Heapify and Heap Sort
Recall that Heap Sort basically operates by building a heap with n values then destroying the heap.
A complete binary tree with n nodes means that at most there are log n nodes from the root (top) to a leaf (a node at the bottom of the tree)
Insertion may require the percolate up process. The number of times a node needs to percolate up can be no more than the number of nodes from the root to the leaf. Therefore, it is pretty easy to see that this percolate up process is O(log n) for a tree with n nodes. This means that to add a value to a Heap is a process that is O(log n). In order for us to build a heap we need to insert into it n times. Therefore, the worst case runtime for this process is O(n log n)
The deletion process may require a percolate down process. Like the percolate up process this also is O(log n). Thus, to remove a value from the heap is O(log n). We need to remove n values so this process is O(n log n).
To heap sort we build heap O(n log n) then destroy the heap O(n log n). Therefore the whole sorting algorithm has a runtime of O(n log n)
Our heap can be represented with an array. The simplest implementation of heap sort would be to create a heap object:
A simple but not good implementation of heap sort
- Python
- C++
def heap_sort(mylist):
the_heap=Heap() # we assume we have created some Heap Object
size = len(mylist)
for i in range(0,size):
the_heap.insert(mylist[i])
for i in range(0,size):
mylist[i]=the_heap.front()
the_heap.delete()
//simple but not correct way to heap sort an array
void heapSort(int data[],int size){
Heap theheap;
for(int i=0;i<size;i++){
theheap.insert(data[i]);
}
for(int i=0;i<size;i++){
data[i]=theheap.front();
theheap.delete();
}
}
but this is not actually a good implementation. The above would create a heap as it goes meaning that we need to actually double the data storage as the heap itself would be an array that is as big as data. Thus, the function would have the same drawback as merge sort. Furthermore building a heap by multiple insertions is actually slower than making a heap in place. Thus, instead of building an actual heap with a heap object, we will implement heap sort by turning the array into a heap in place then removing from it in place.
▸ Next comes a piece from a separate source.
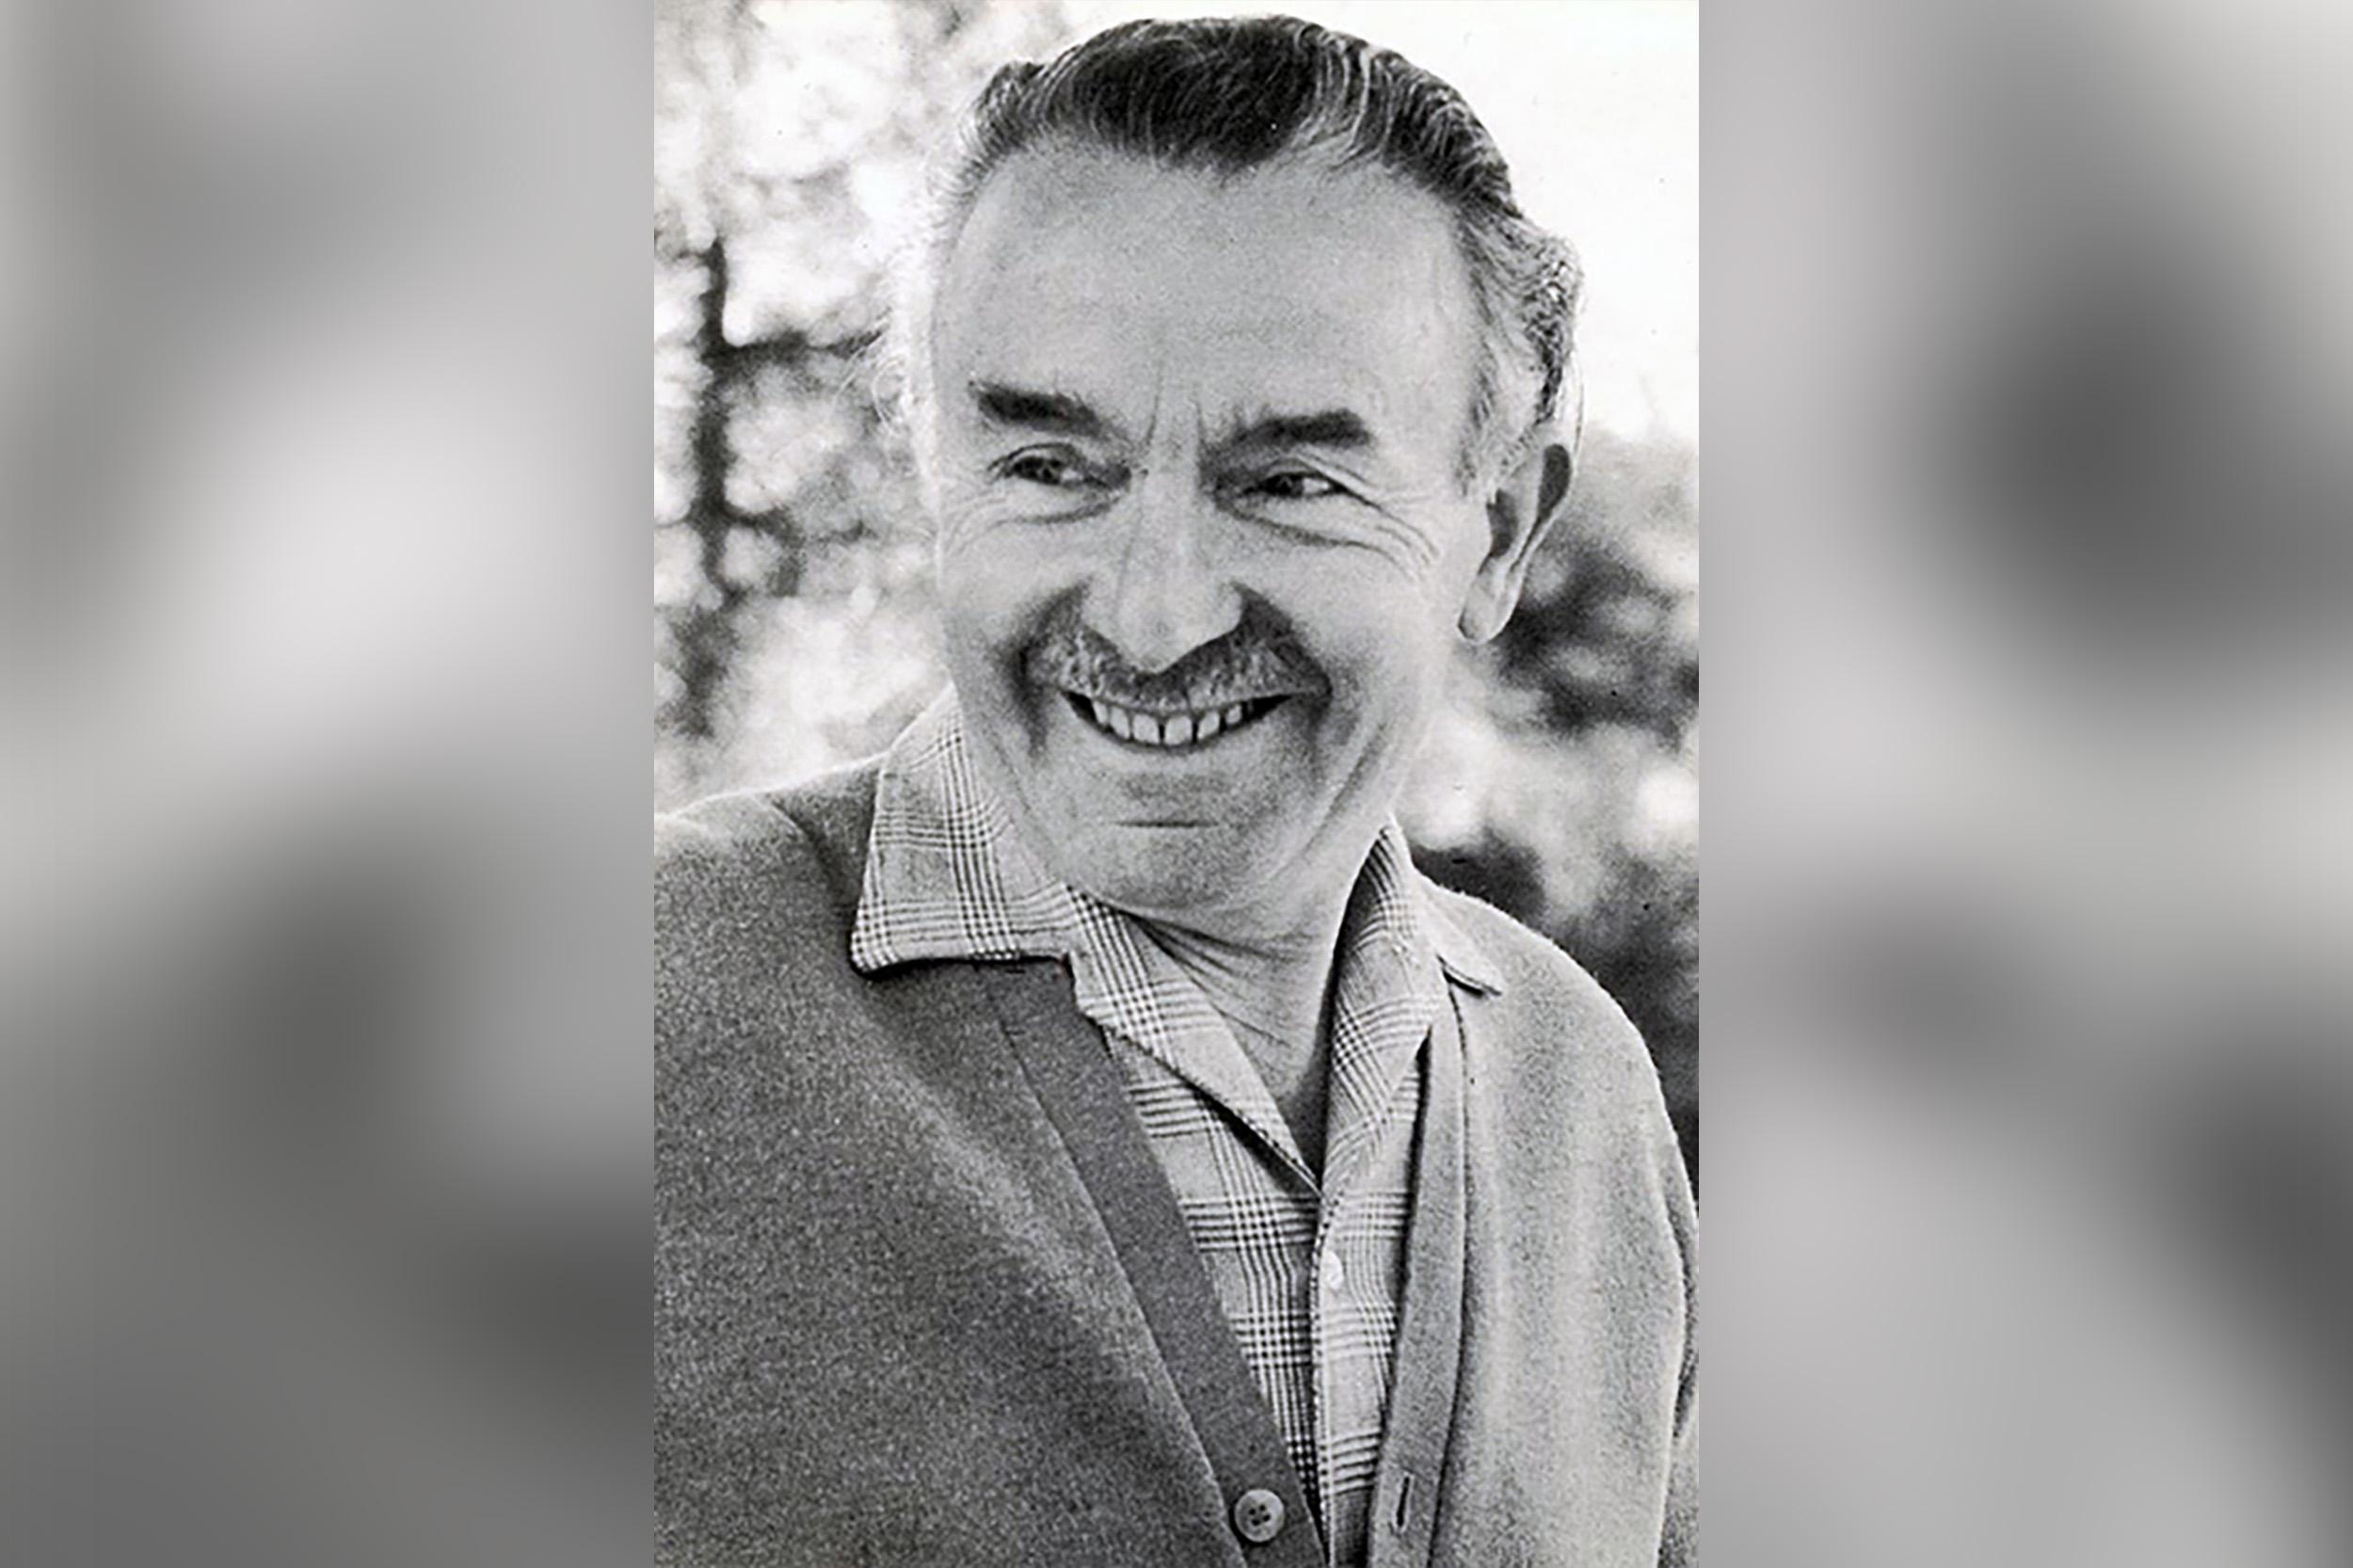 Célestin Freinet war ein französischer Reformpädagoge und Begründer der Freinet-Pädagogik (* 15. Oktober 1896 in Gars, Provence, Frankreich; † 8. Oktober 1966 in Vence)

One way we can do this by borrowing the idea from insertion sort... in that algorithm we start off by hiving off the first element and saying that it is a sorted array. We then "insert" successive elements into this sorted array so that it stays sorted.
Remember that a heap uses every element of the array without any sort of gaps. If you have a heap with n elements, you need n element array to represent the heap. If you took a value out, then the array size decreases by 1. After doing a removal, you effectively end up with an open spot at the back of the array. Thus, we sort by filling those open spots with the value being removed, forming a sorted list as the values being removed will come out based on their priority ordering.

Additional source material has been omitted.